Paul E. Anna: High Points
The Aspen Times
Aspen, CO Colorado
Before dawn one morning this past week, I was on my way to Sardy Field for the first flight out at 7 a.m. Coming up valley as I exited Snowmass Canyon I was greeted by a brightly lit “X” on the end of the runway.
Now this “X” is there to warn pilots who might be thinking of making a nocturnal landing on the runway, that it is strictly forbidden. And with all of the work that was being done on the runway on this particular morning, that was a wise warning. But it occurred to me that the “X” was a perfect symbol to use to protest those who have plans to blow up our little airport and put in one of a size and scale that should also be forbidden.
The discussions about increasing the size of the Aspen-Pitkin County Airport have faded a bit after this summer’s preliminary announcements and community input sessions. The lingering memory for those who paid attention was the pronouncement that the proponents weren’t going to necessarily build all of the 80,000-square-foot terminal that they had originally penciled in. But rather, they were just going to get approvals so that they could if they needed too. Uh-huh.
The thing is, I like our airport just the way it is. Small, somewhat homey, and purely Aspen. Sure it gets busy on summer mornings when the Institute folks, or the MotherLode Volleyball players, or the Music Festival fans are hightailing it out of town.
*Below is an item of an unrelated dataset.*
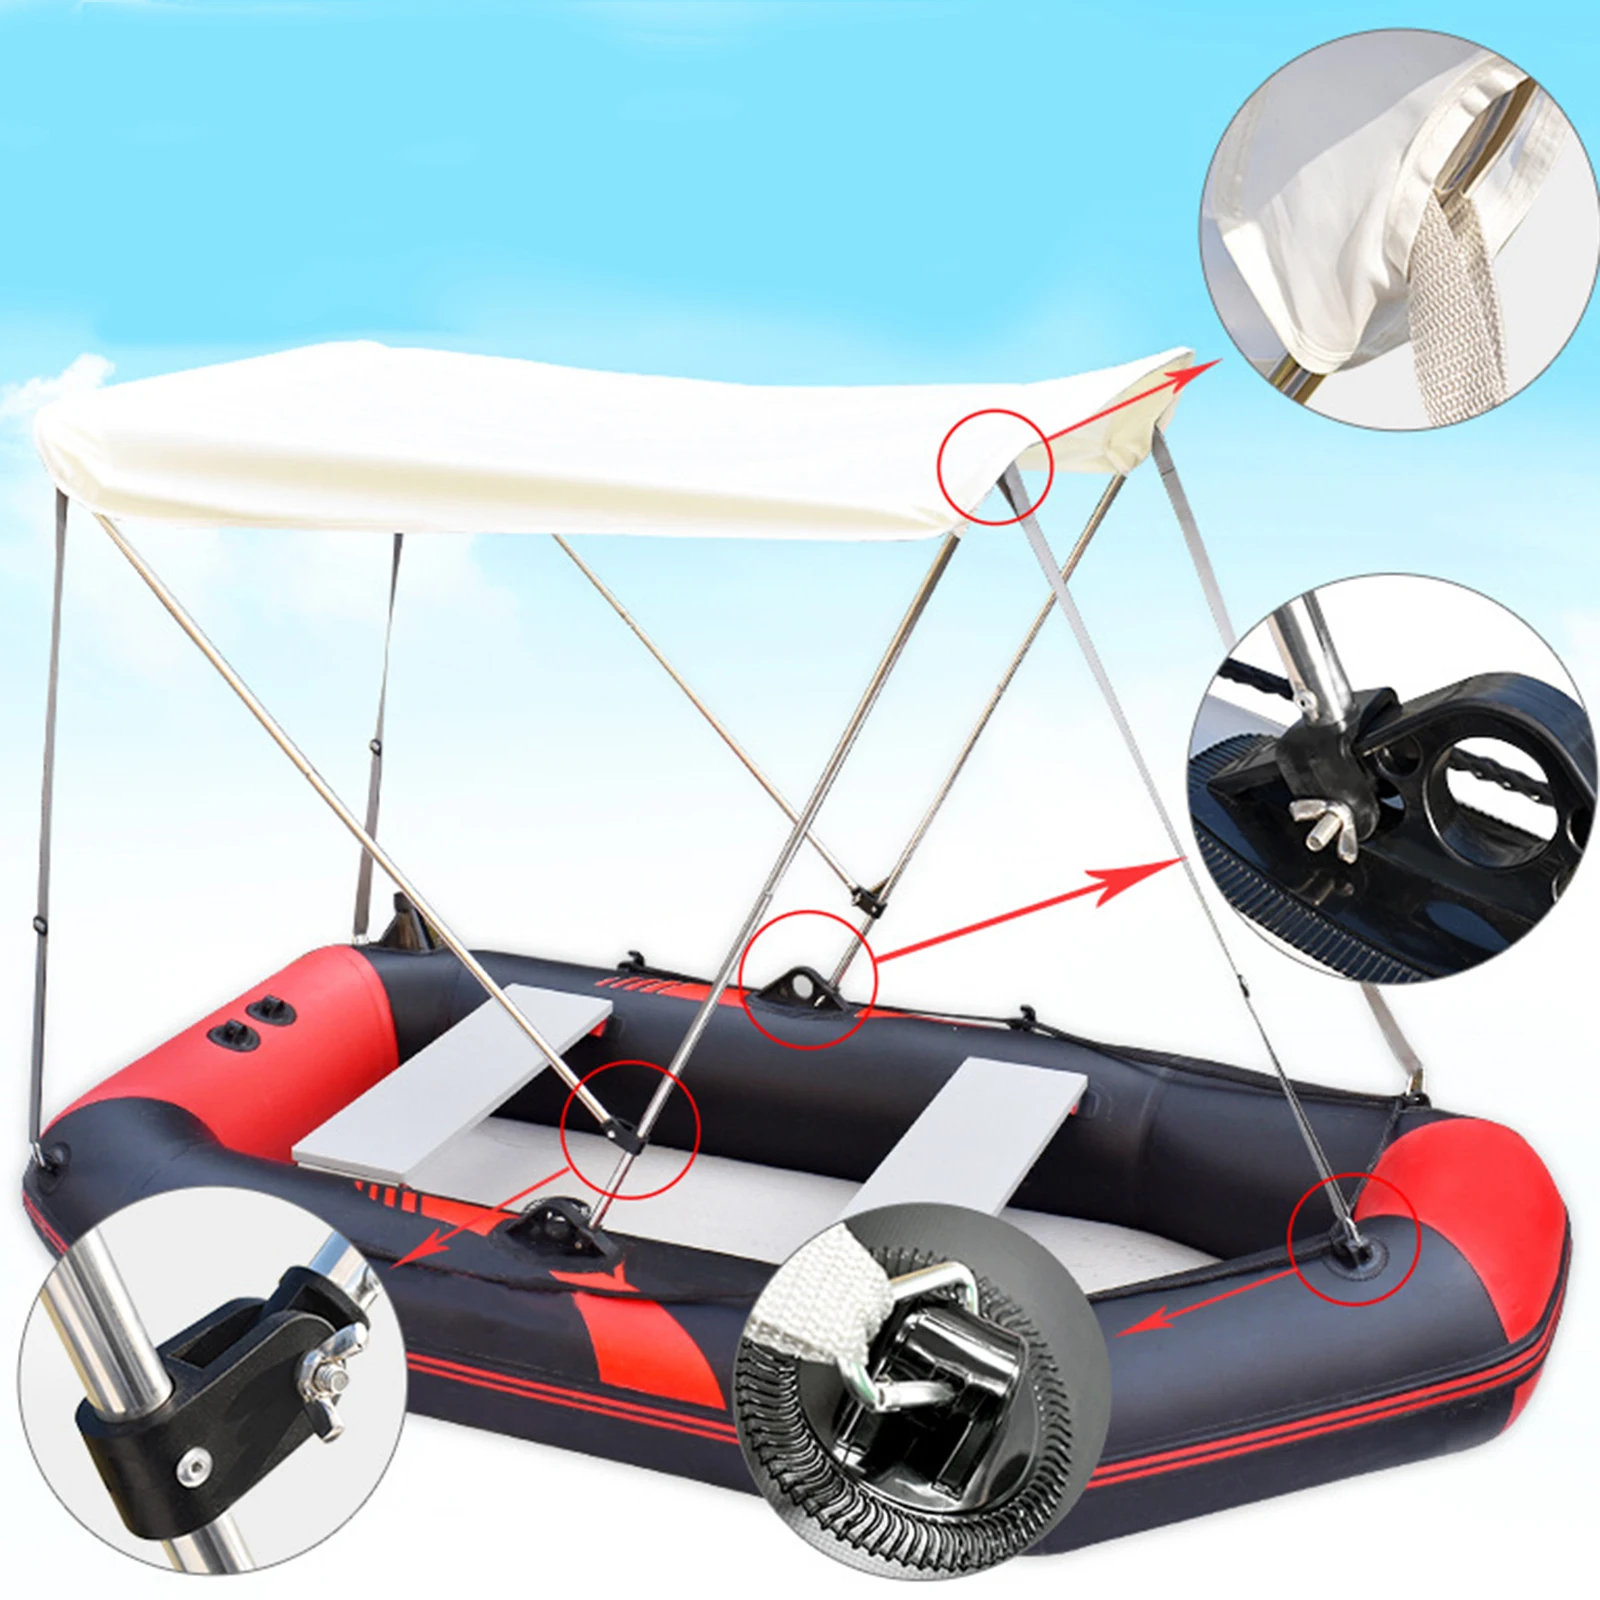 Foldable Inflatable Boat Canopy Kayak Sun Shelter Sailboat Awning Cover Tent Sunshade Foldable Dinghy Canoe UV Protect Top Cover

And I understand that the crowds in ski season can make the lines at security swell. But if the airport were bigger it would still be busy and it would still swell. It would just swell and be busy in a bigger building.
We have this infectious frenzy here in this town to just make everything bigger. The art museum is the most obviously infected organization and, while I’m sure it will be a great art museum, it really doesn’t need to be here. And the library folks are also on the path to build bigger, just because. I love art, I love books and I love to fly. But the airport, the library and the art museum we have are not only adequate for a community our size, they are jewels.
But once these things get going, they take on a life of their own. The powers behind them have the resources, the patience and the self-aggrandizing motives to figure out ways to push them through. They can make it happen regardless of whether the majority feels a need because they simply want to do it.
For many a year during the holiday season, a peace sign framed in Christmas lights on a barn lit up Old Snowmass and could be seen by one and all as they crested Watson Divide. Sadly, the sign burns no more as the property was sold. But I thought of that peace sign when I saw the “X” that morning.
May it burn bright.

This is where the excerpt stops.